Collected data:
---

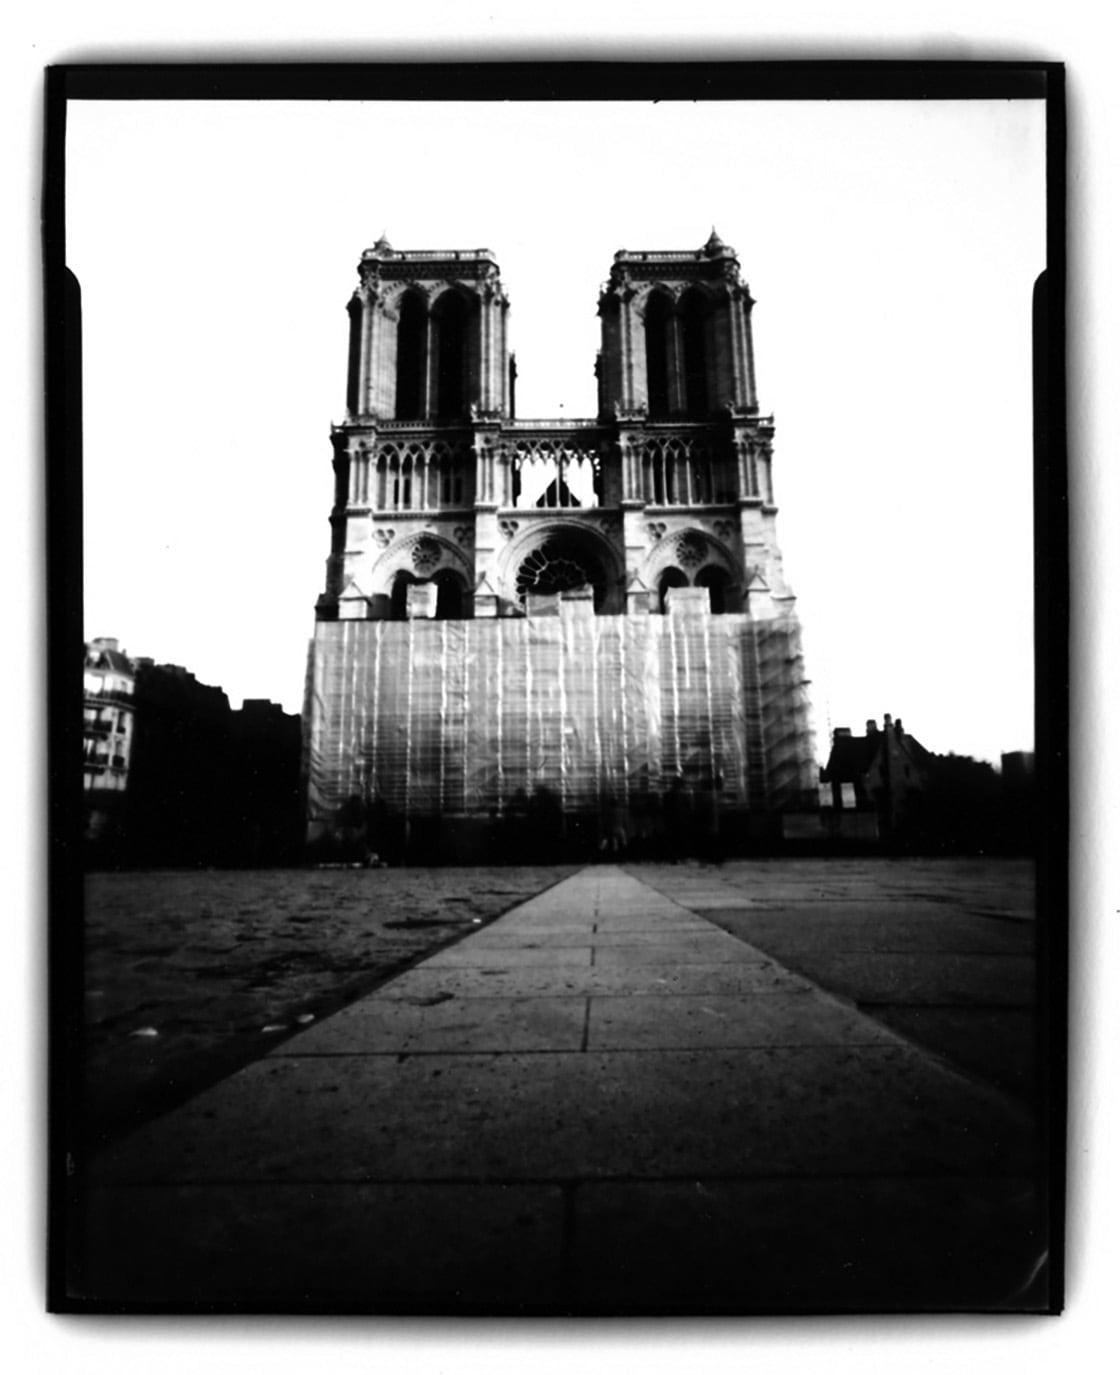 Notre Dame, Paris, 1998 - Dianne Bos at Kostuik Gallery
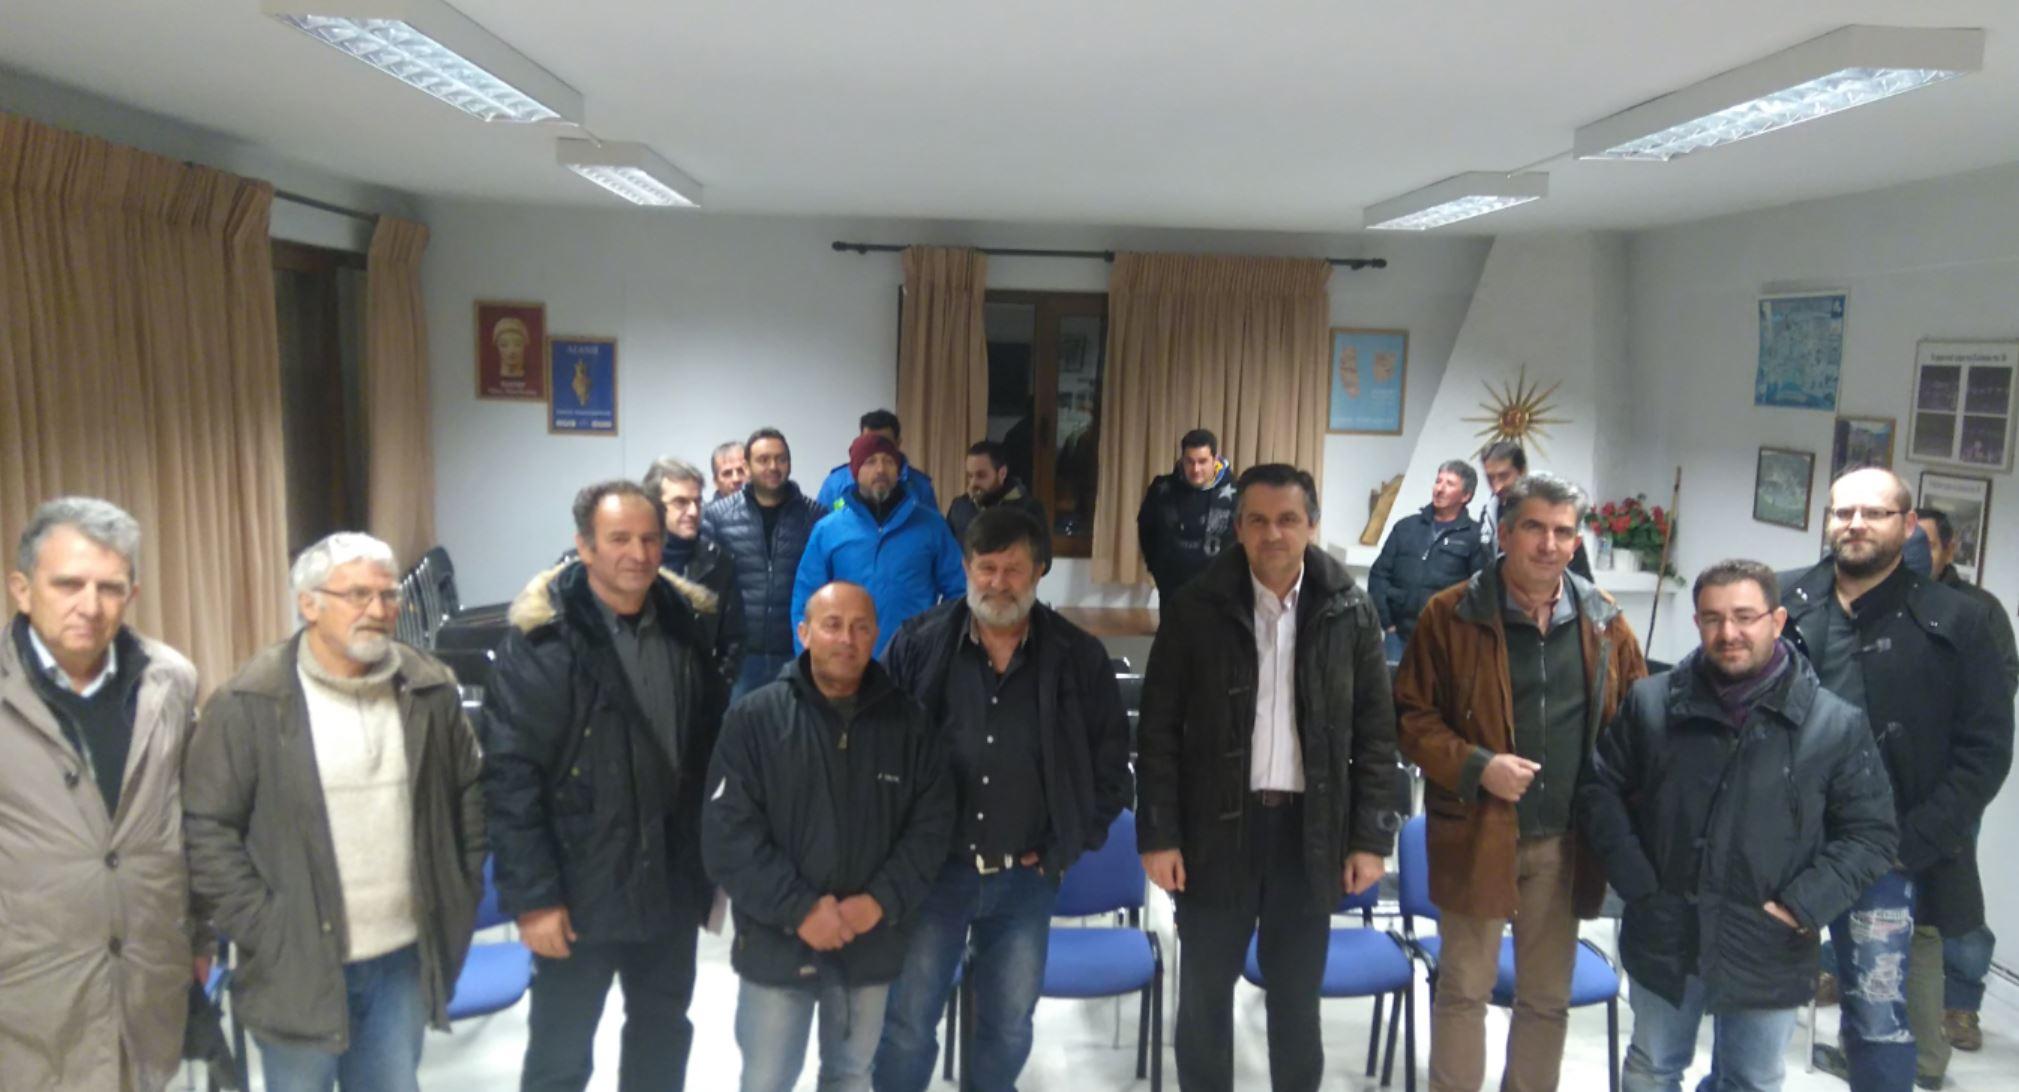 Mε παραγωγούς και πολίτες του Χρωμίου Kοζάνης συναντήθηκε ο Γ. Κασαπίδης
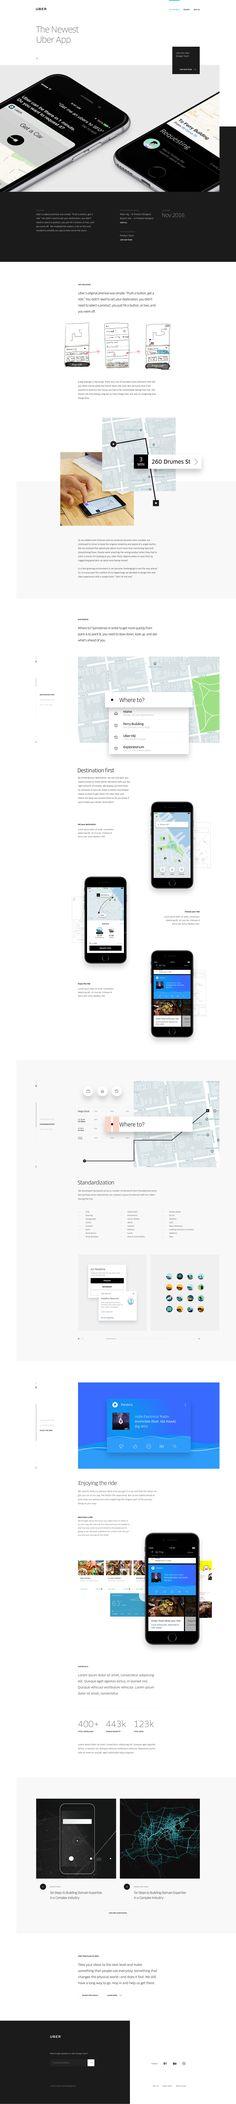 UBER design case study and UI design concept by UENO.
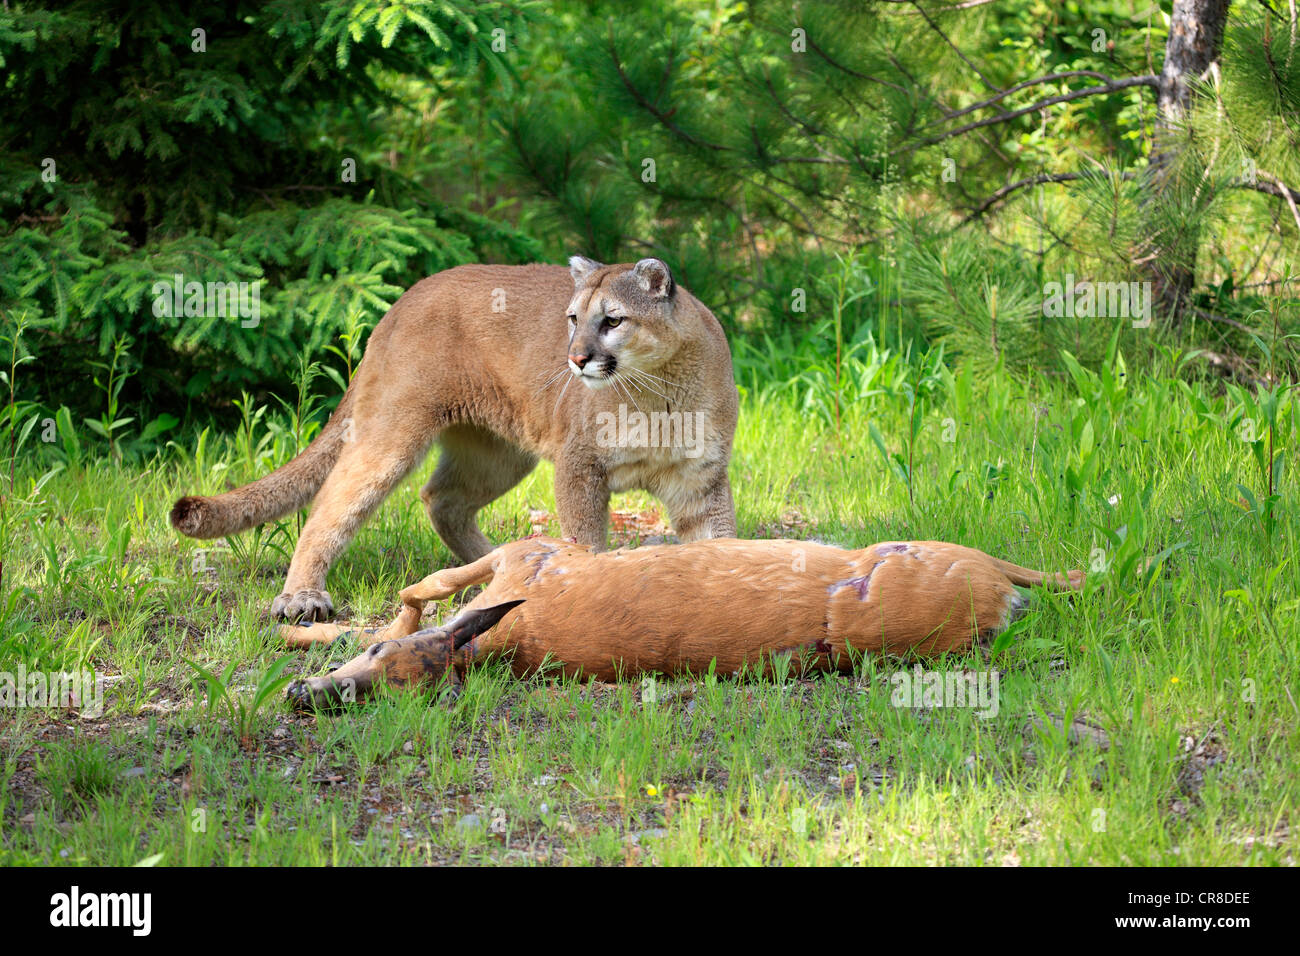 Cougar or Puma (Puma concolor, Felis concolor), adult with prey, Minnesota, USA - Stock Image
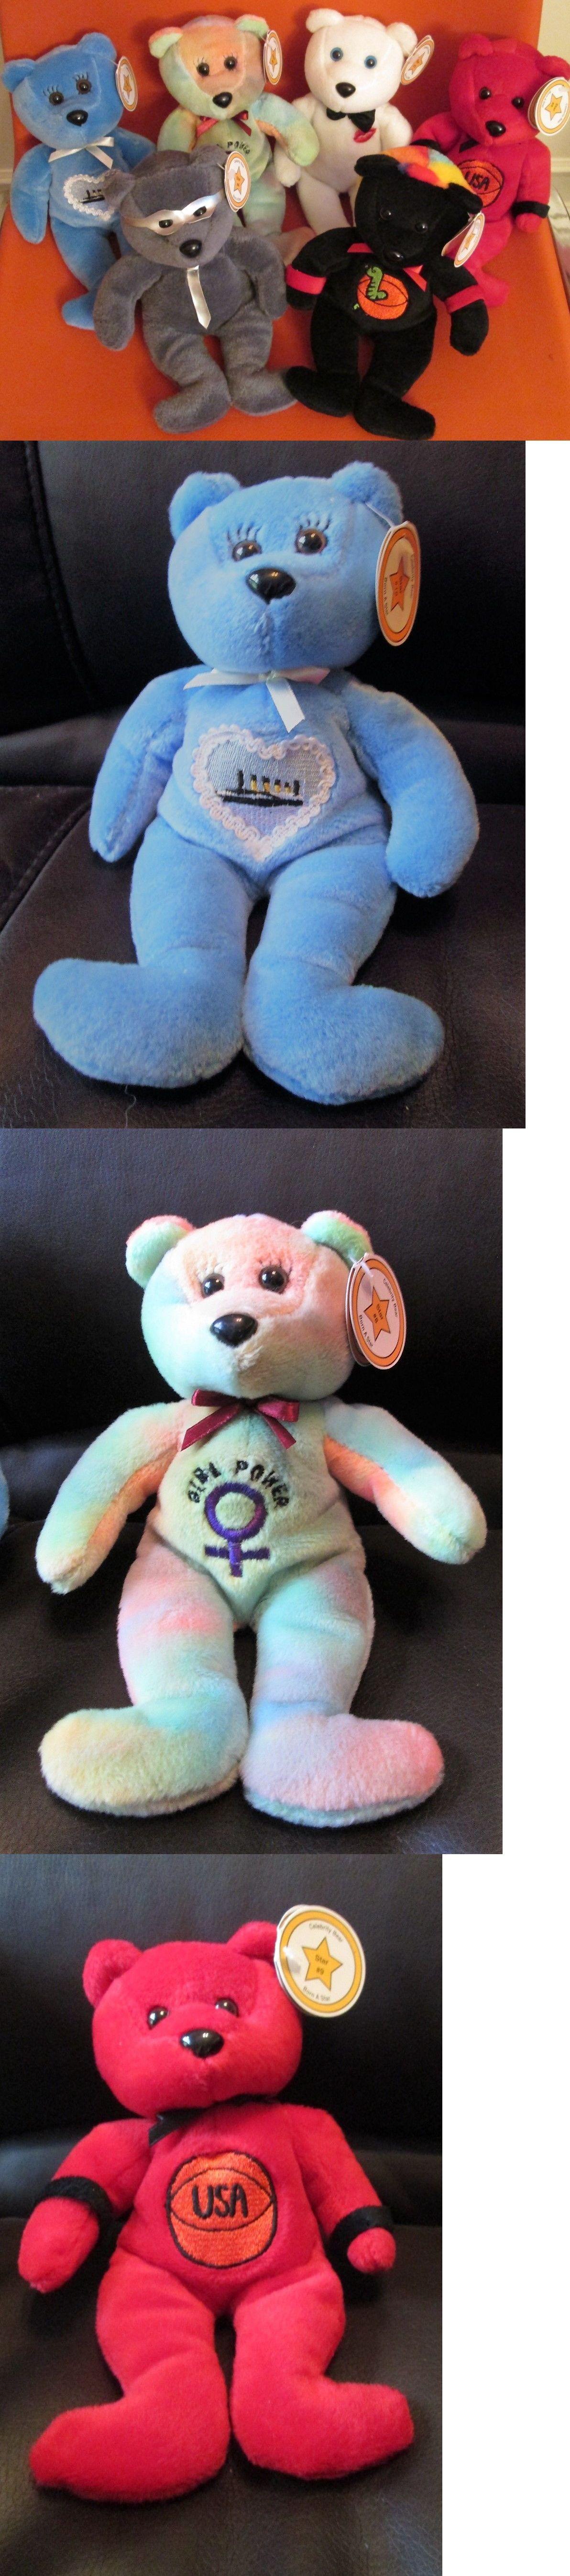 Celebrity Bears 49021 Lot Of 6 Celebrity Beanie Baby
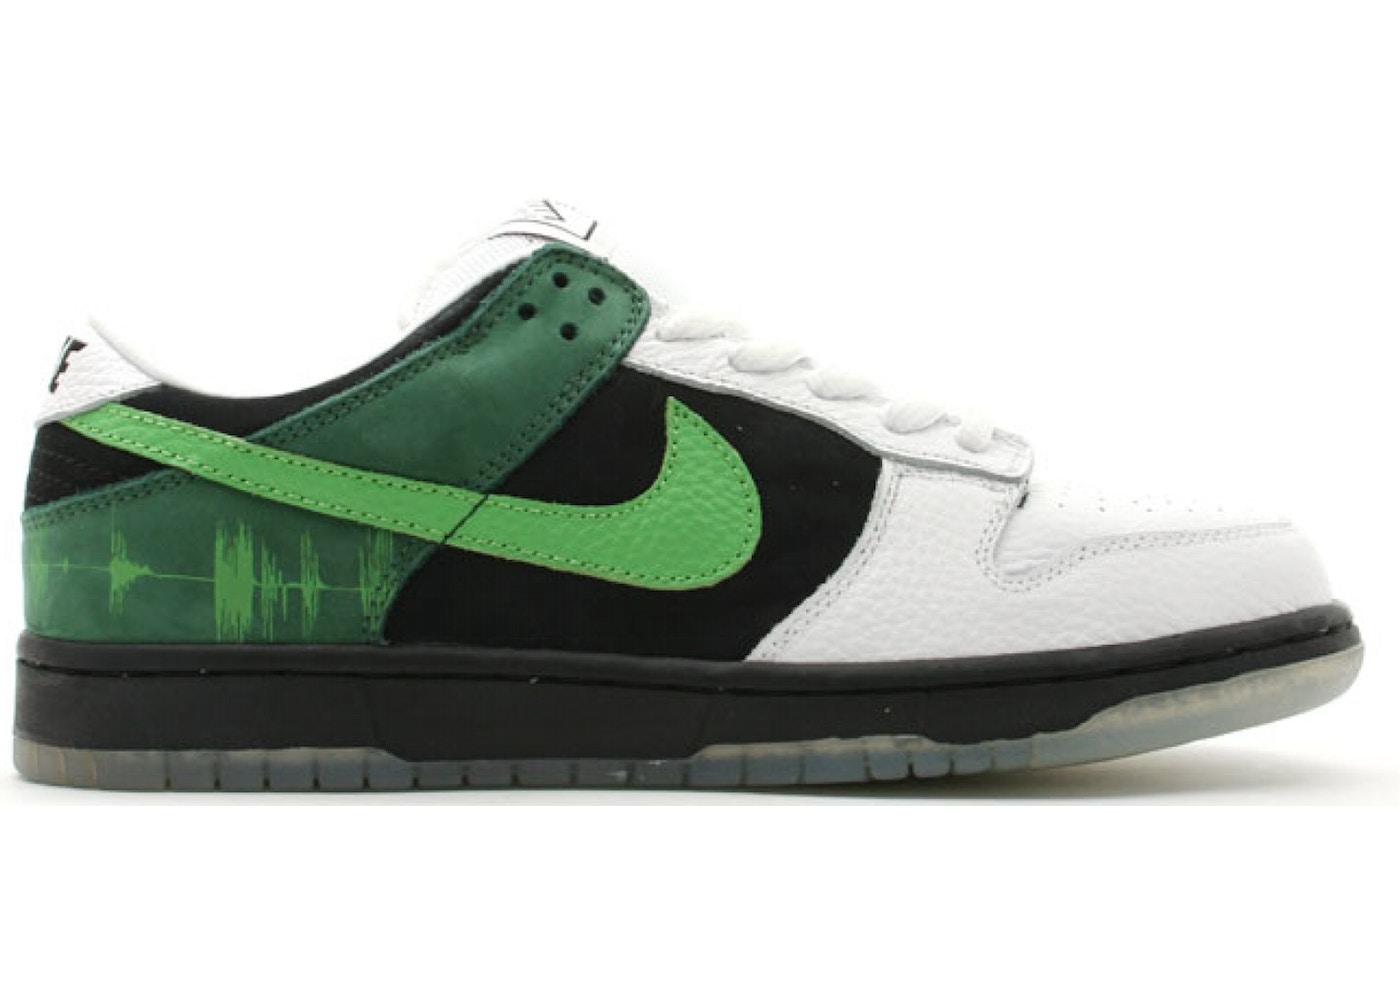 bba4564b Nike SB Dunk Low C&K - 313170-031

---

**Task item**
Beginning at the line that contains "Celebrity Bears 49021", transcribe it and every later line through the last line of the data above, exactly, and drop the pictures.

**Answer for the task**
 Celebrity Bears 49021 Lot Of 6 Celebrity Beanie Baby
 bba4564b Nike SB Dunk Low C&K - 313170-031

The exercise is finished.